DESCRIPTION OF THE TASK. I'd ask you to write out the lines below exactly, with no images.

---------- DATA SEGMENT

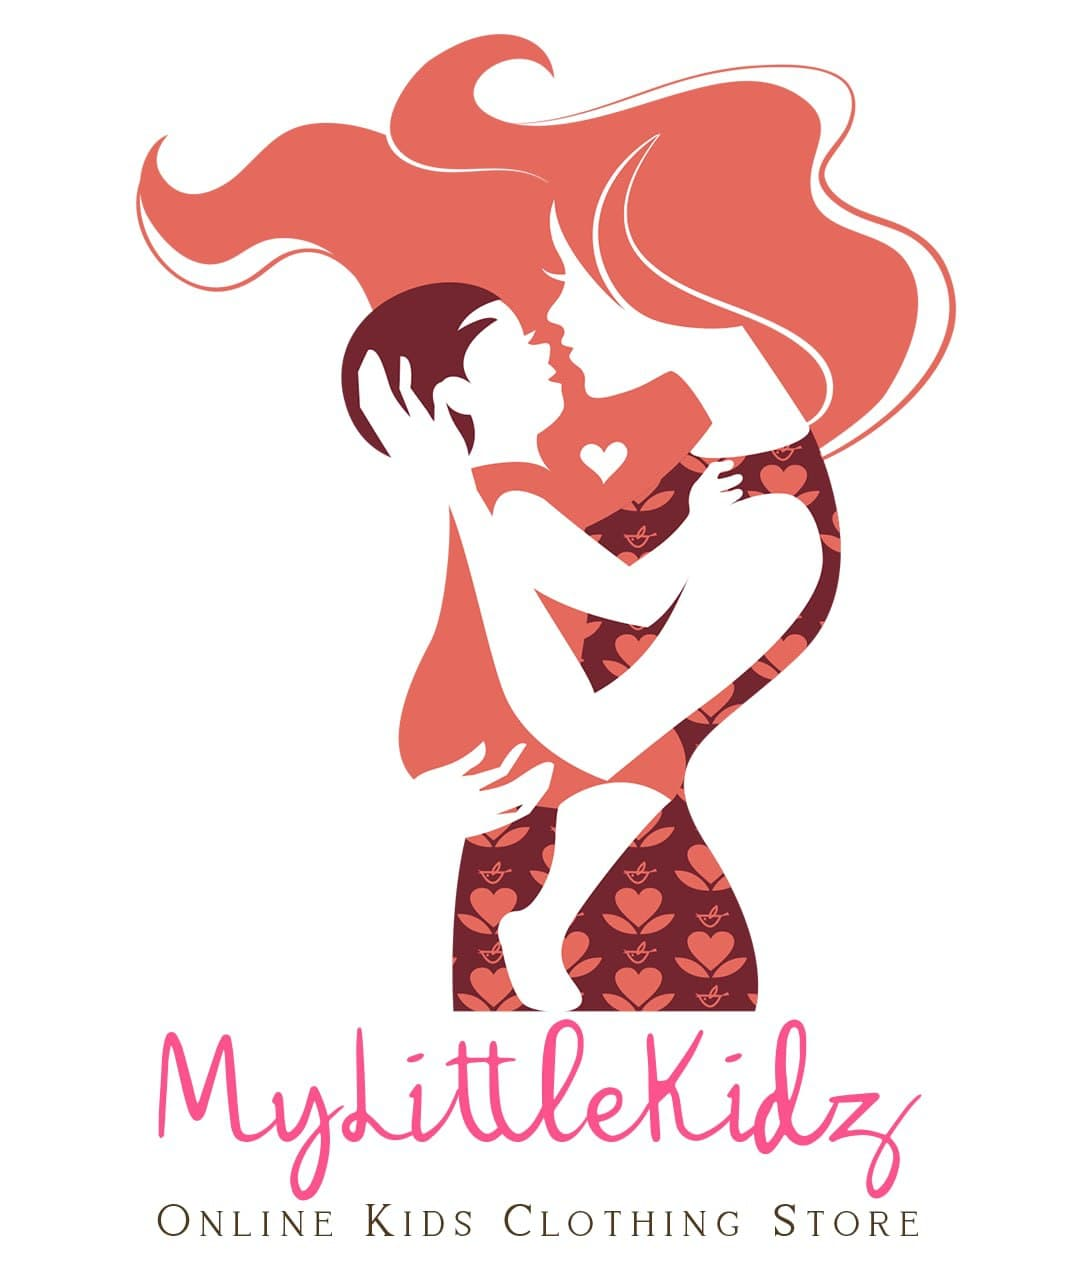 Mylittlekidz.com
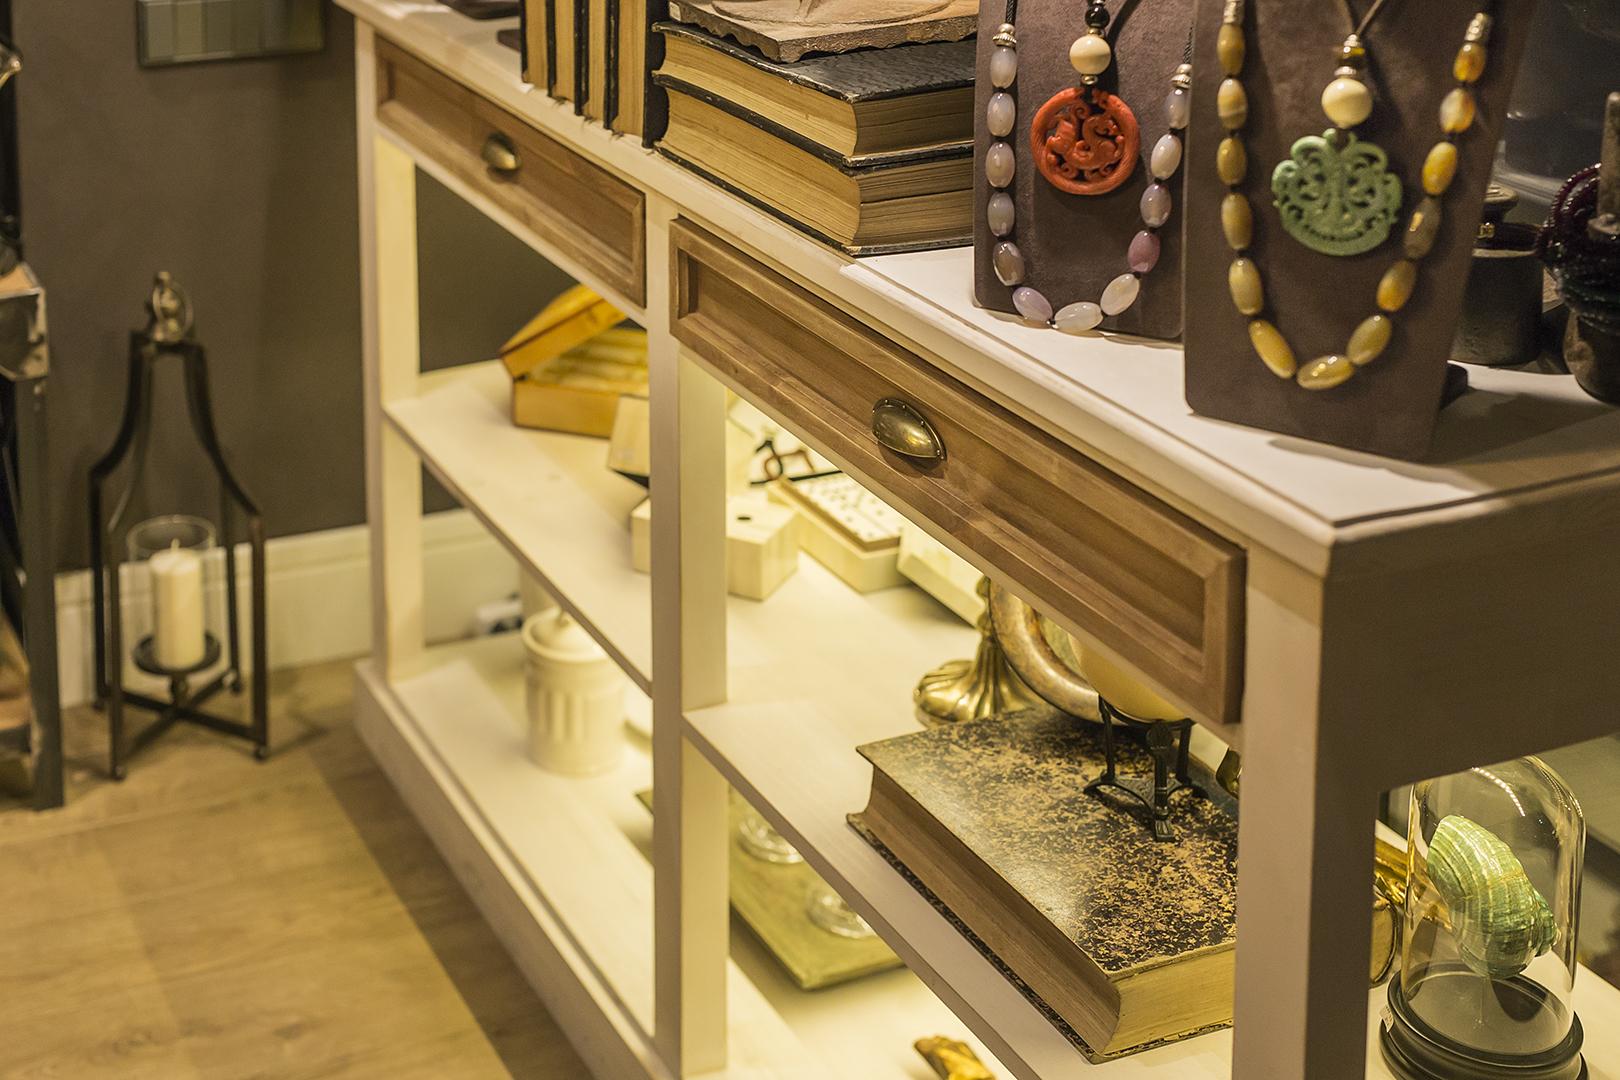 Marengo barcelona muebles vintage y decoraci n del hogar - La antigua viruta ...
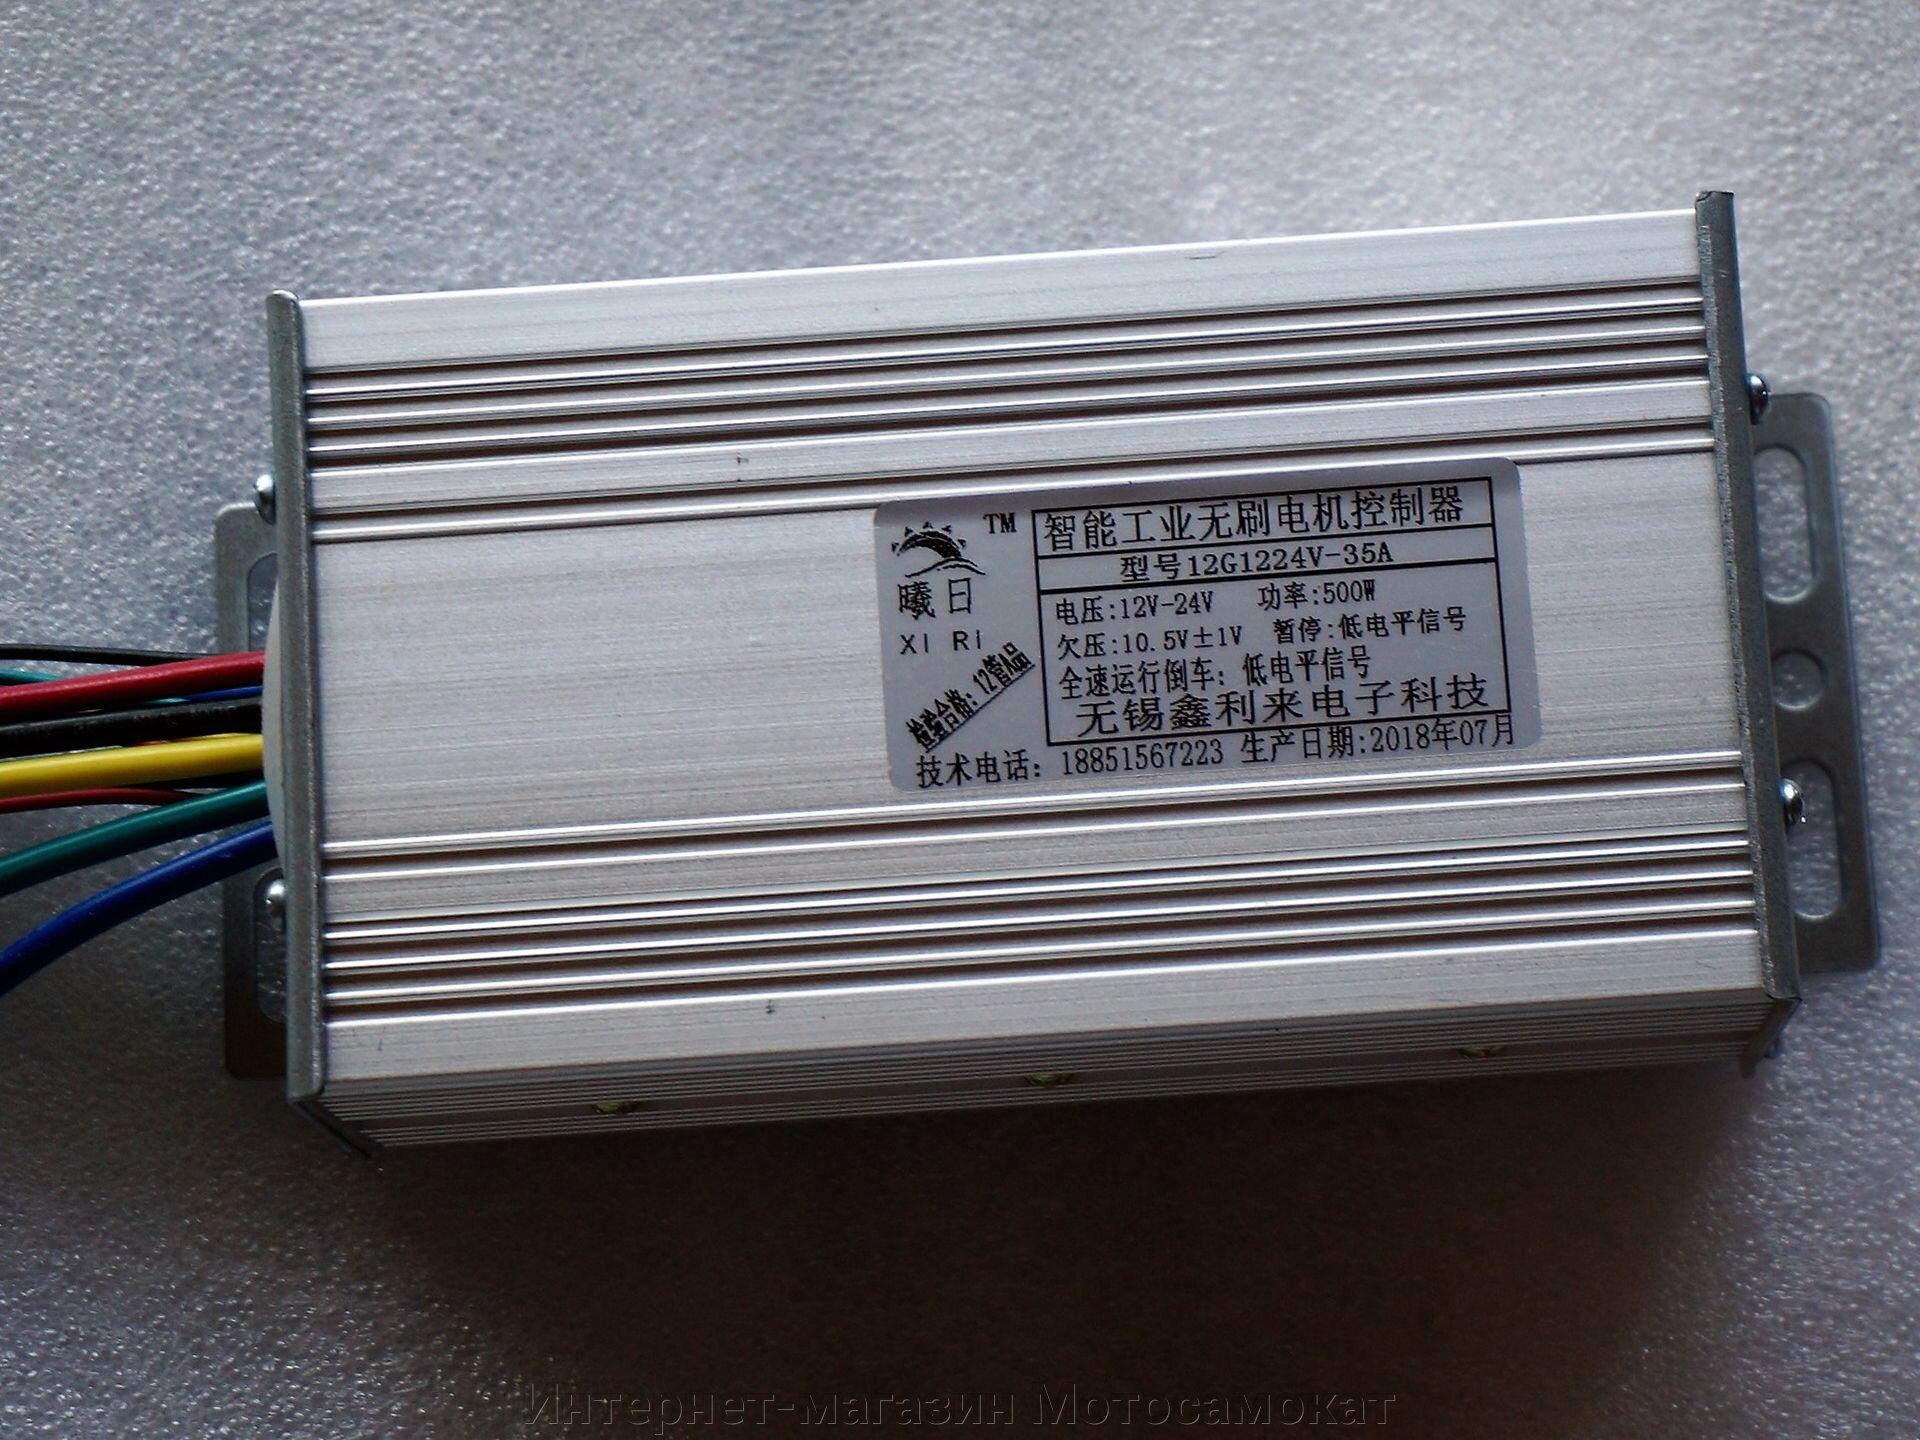 Контроллер 12-24 V (35A) для бесколлекторного BLDC электромотора, с реверсом. - фото Контроллер 12-24 V (35A) для бесколлекторного BLDC электромотора, с реверсом.

--------------------

SOLUTION BELOW.
 Mylittlekidz.com
 Marengo barcelona muebles vintage y decoraci n del hogar - La antigua viruta ...
 Контроллер 12-24 V (35A) для бесколлекторного BLDC электромотора, с реверсом. - фото Контроллер 12-24 V (35A) для бесколлекторного BLDC электромотора, с реверсом.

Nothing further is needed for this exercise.